= What to produce =
Below is a listing. Return the lines from the one that contains "Cartus toner original" to the one that contains "Star Wars Obi-Wan", both ends included, verbatim and with no pictures.

= Material provided =
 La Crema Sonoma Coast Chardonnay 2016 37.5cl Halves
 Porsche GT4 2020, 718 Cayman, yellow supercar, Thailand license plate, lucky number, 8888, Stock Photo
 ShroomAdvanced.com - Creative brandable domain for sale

==

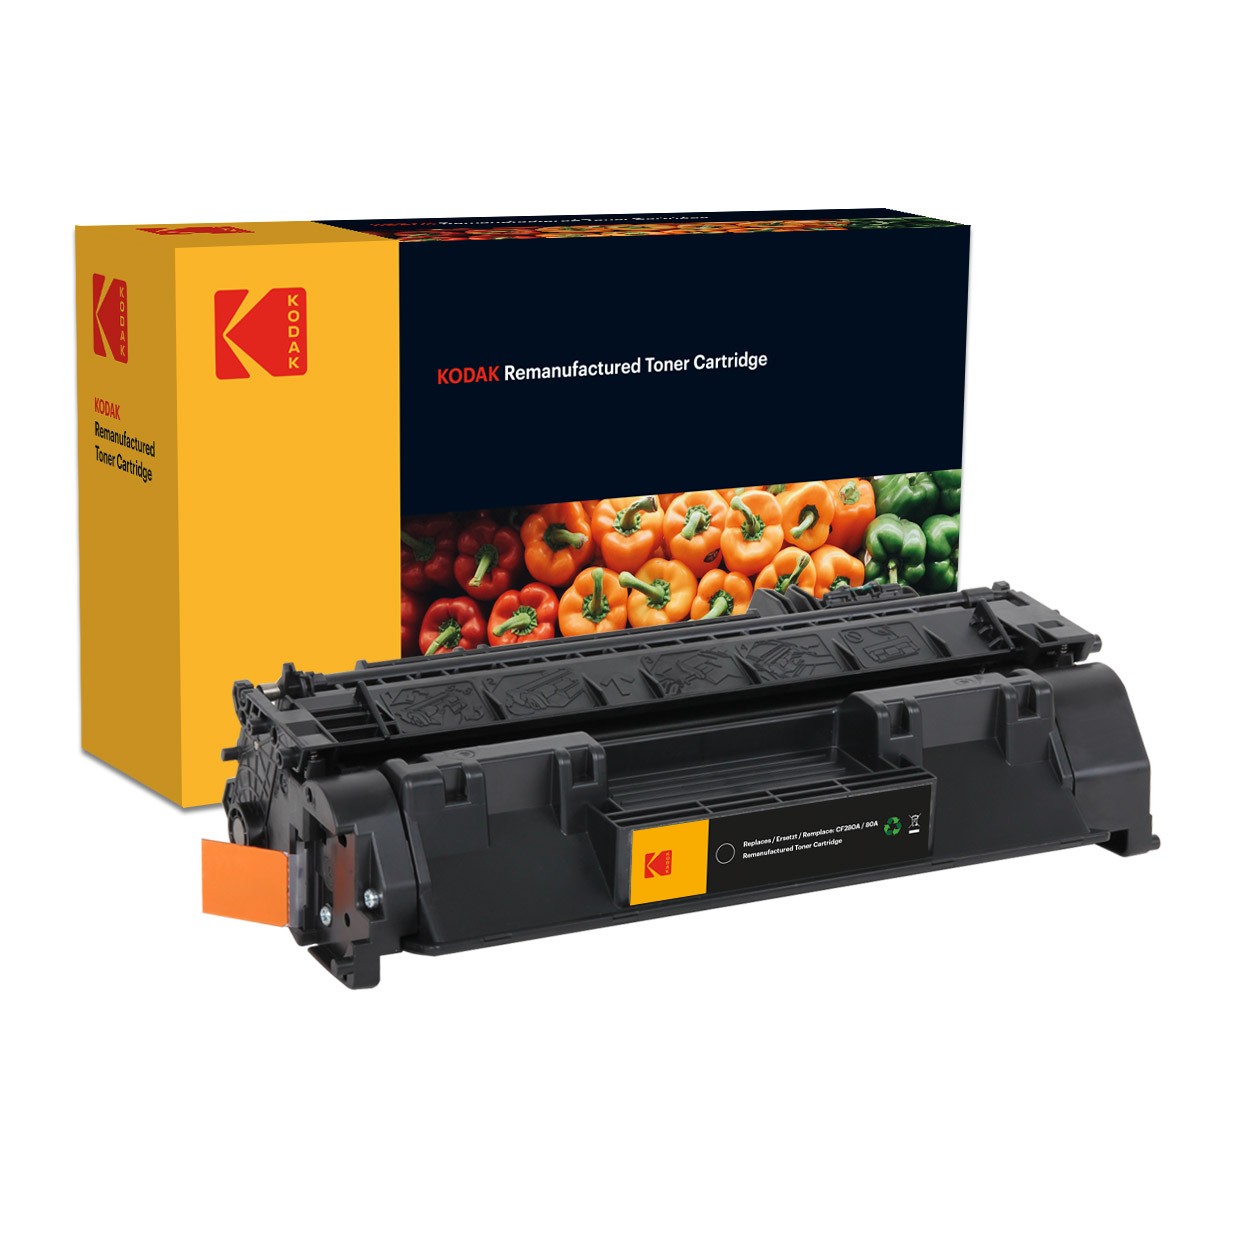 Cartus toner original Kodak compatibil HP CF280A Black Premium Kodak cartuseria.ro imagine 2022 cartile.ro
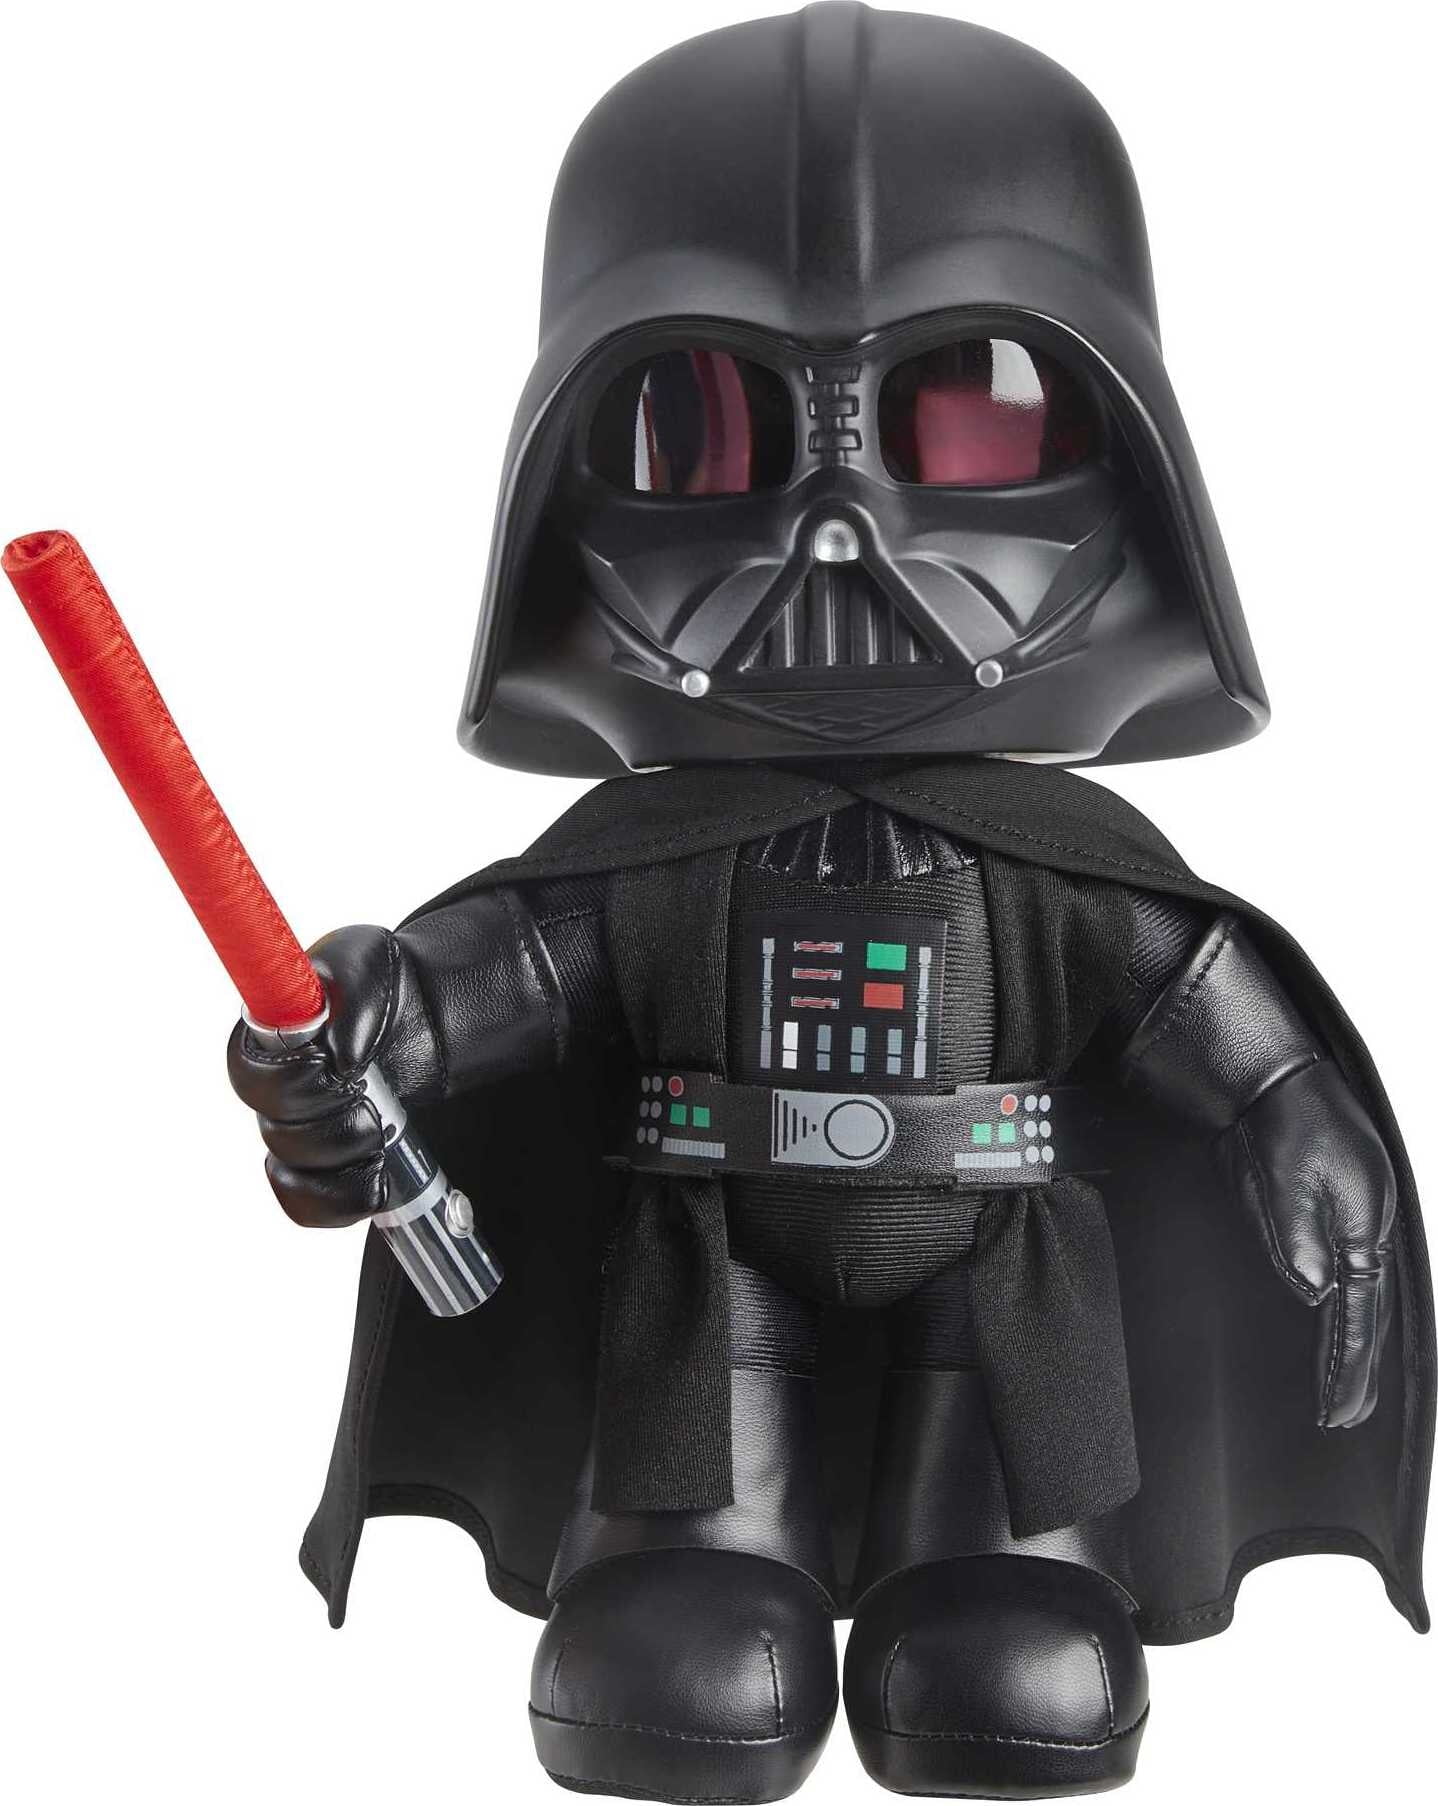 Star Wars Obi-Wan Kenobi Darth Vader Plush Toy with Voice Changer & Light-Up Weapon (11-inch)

* * *

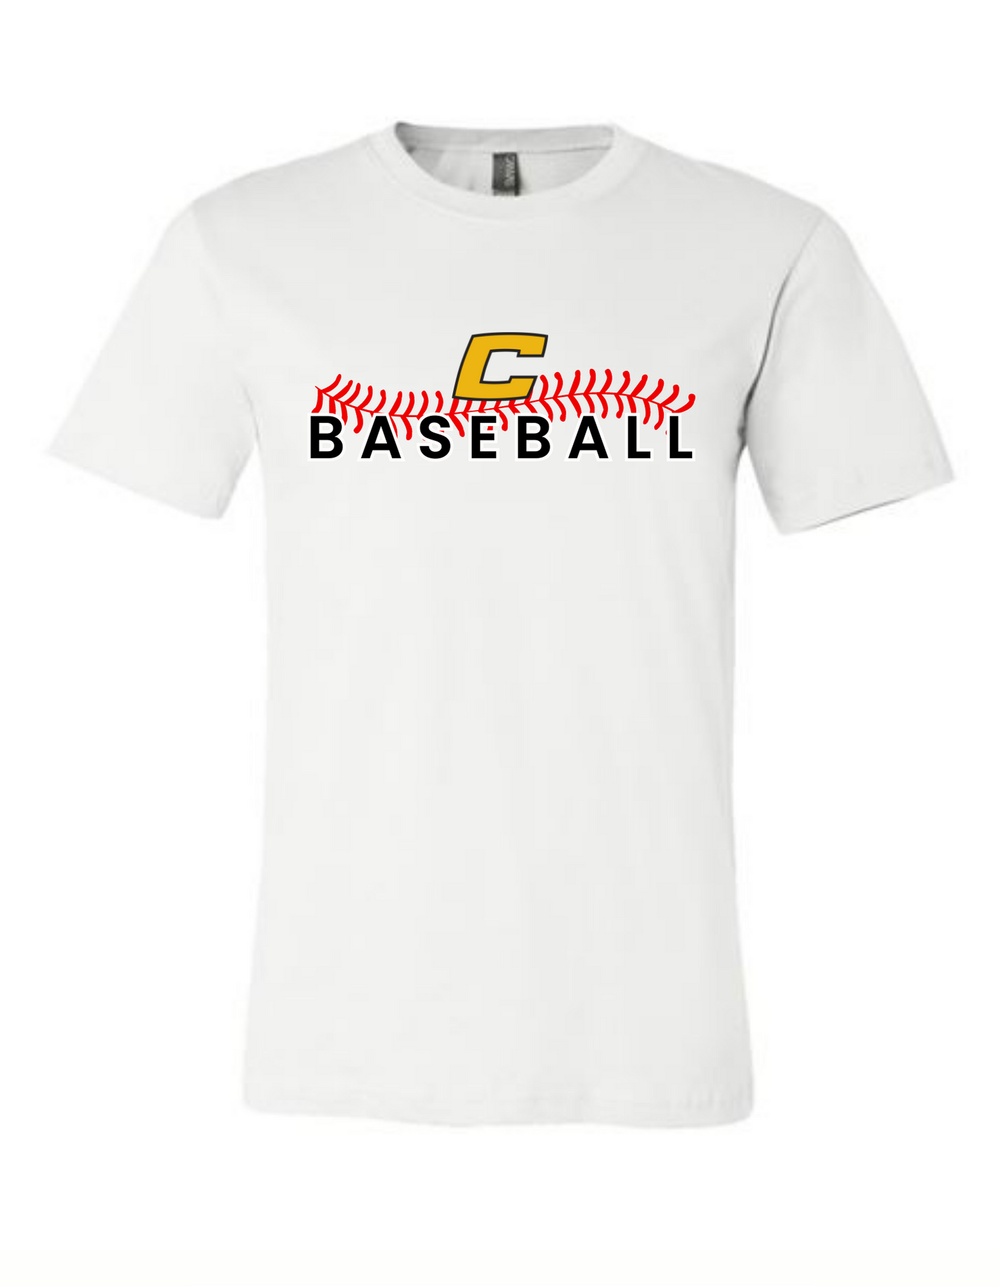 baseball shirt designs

= Answer =
 Cartus toner original Kodak compatibil HP CF280A Black Premium Kodak cartuseria.ro imagine 2022 cartile.ro
 Star Wars Obi-Wan Kenobi Darth Vader Plush Toy with Voice Changer & Light-Up Weapon (11-inch)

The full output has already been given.